• **The data**:
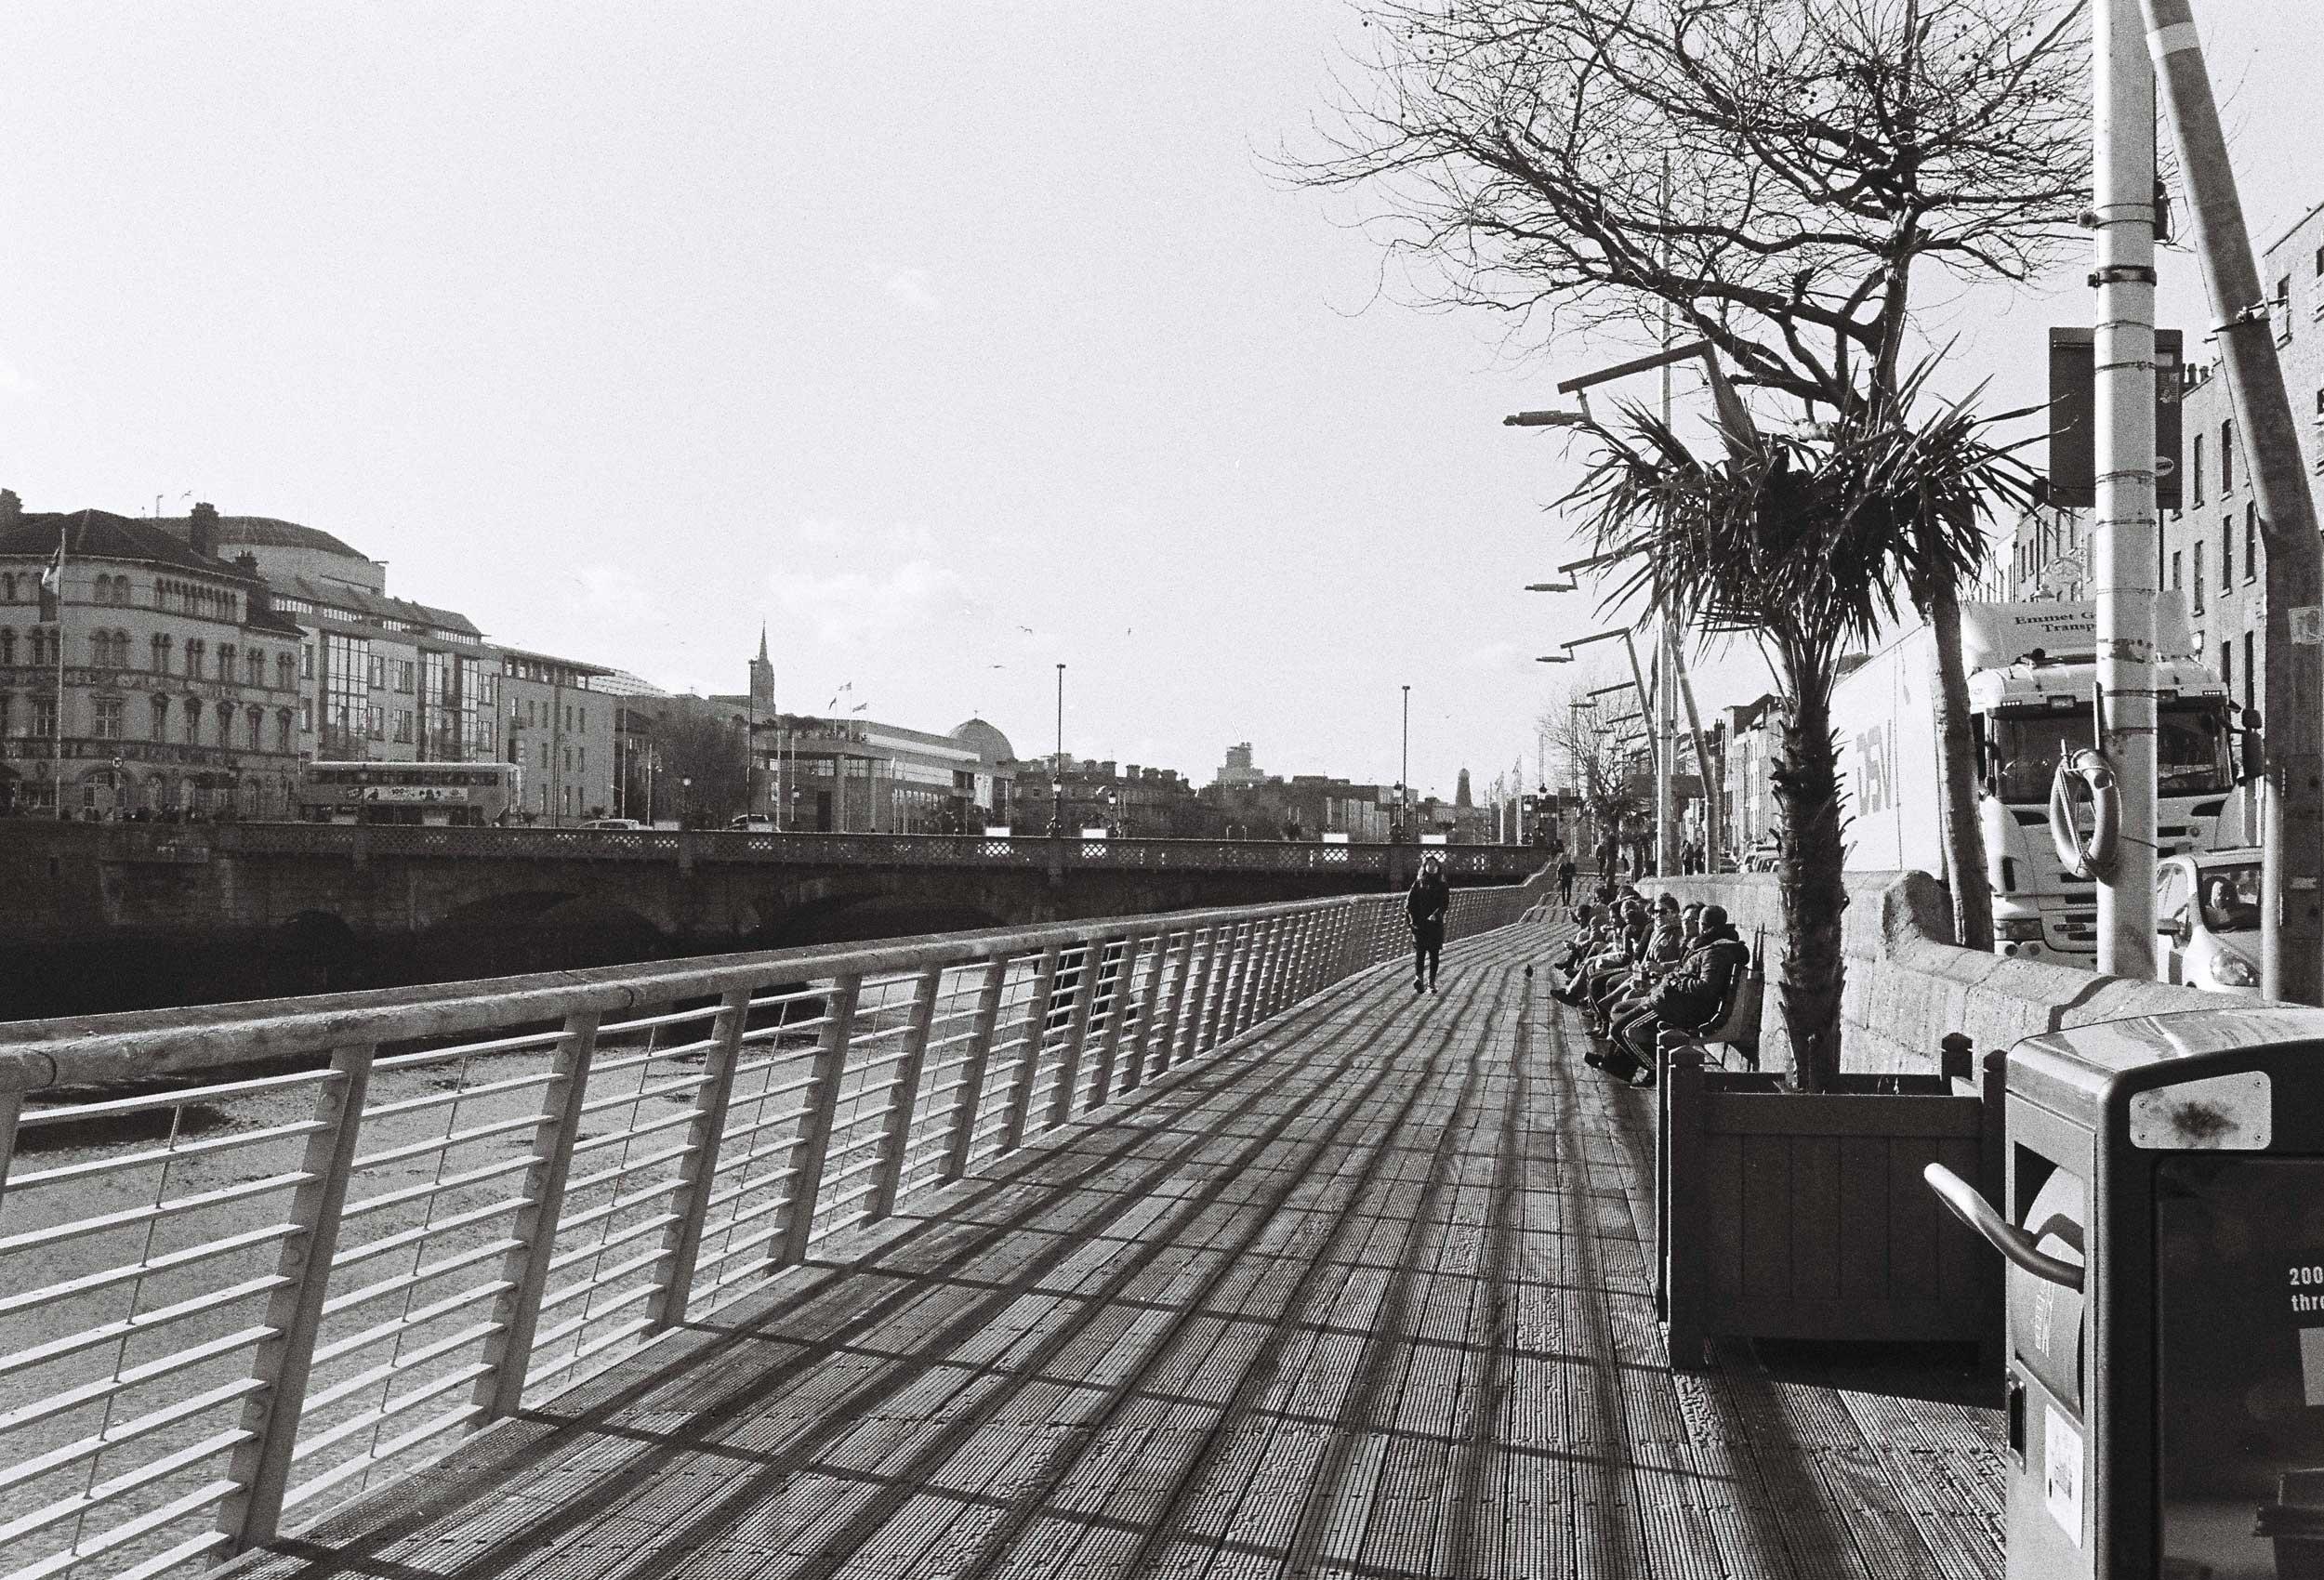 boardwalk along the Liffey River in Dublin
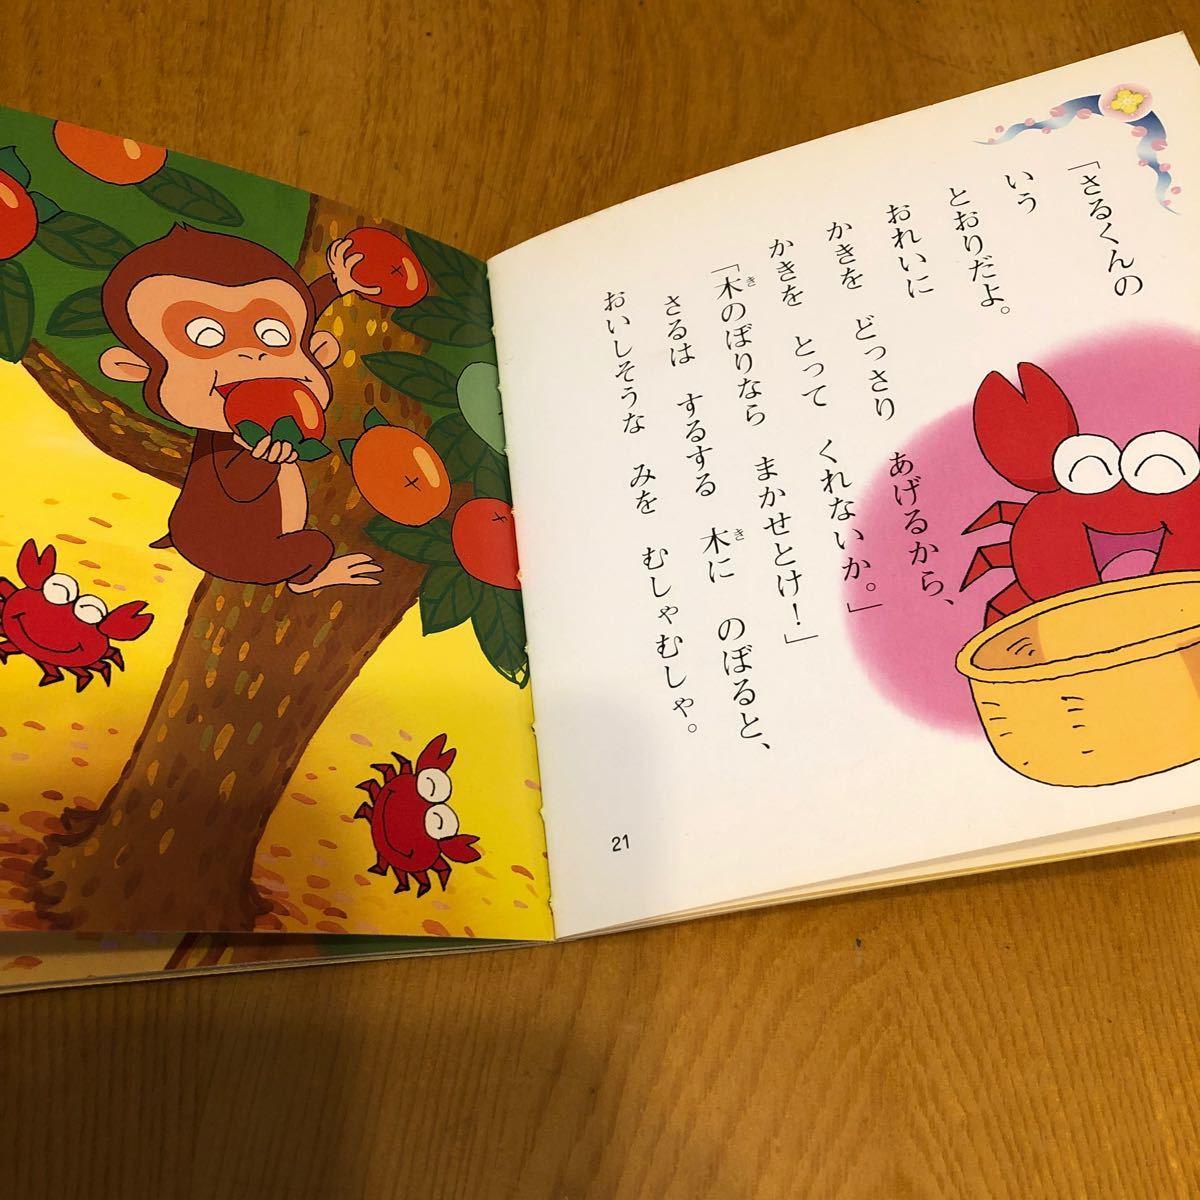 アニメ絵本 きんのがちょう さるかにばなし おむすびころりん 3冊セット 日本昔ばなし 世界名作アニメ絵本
...
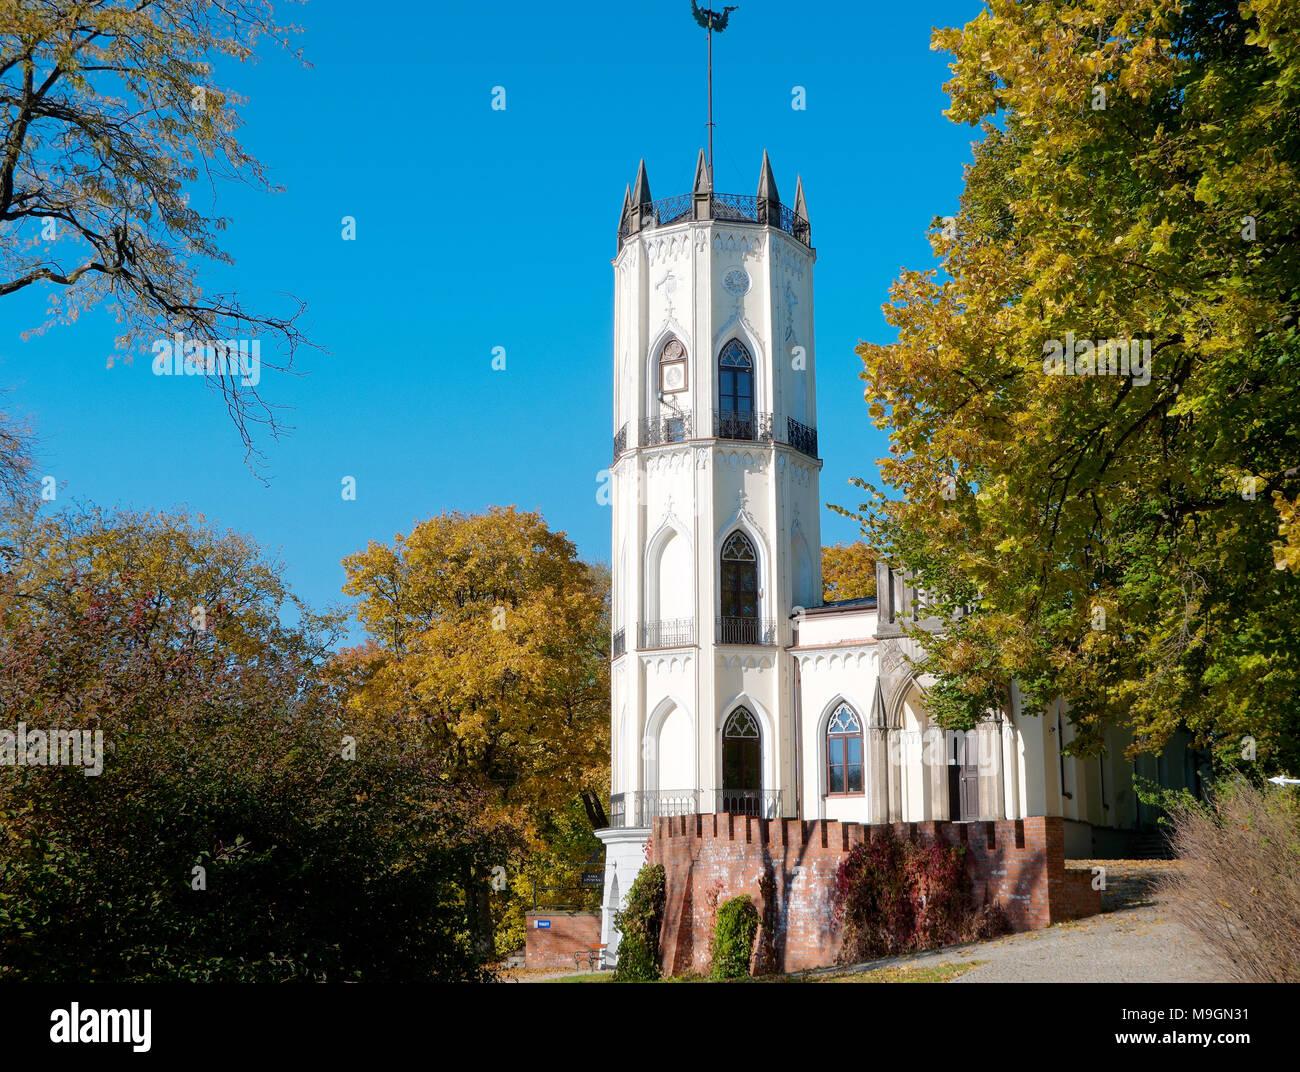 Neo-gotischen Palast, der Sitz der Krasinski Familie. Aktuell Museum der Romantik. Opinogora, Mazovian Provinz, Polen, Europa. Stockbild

• **Task to complete**:
Excluding any pictures, print exactly the lines of the listing above from the line with "boardwalk along the Liffey River in Dublin" to the line with "アニメ絵本 きんのがちょう さるかにばなし", both ends included.

• **Your response**:
 boardwalk along the Liffey River in Dublin
 アニメ絵本 きんのがちょう さるかにばなし おむすびころりん 3冊セット 日本昔ばなし 世界名作アニメ絵本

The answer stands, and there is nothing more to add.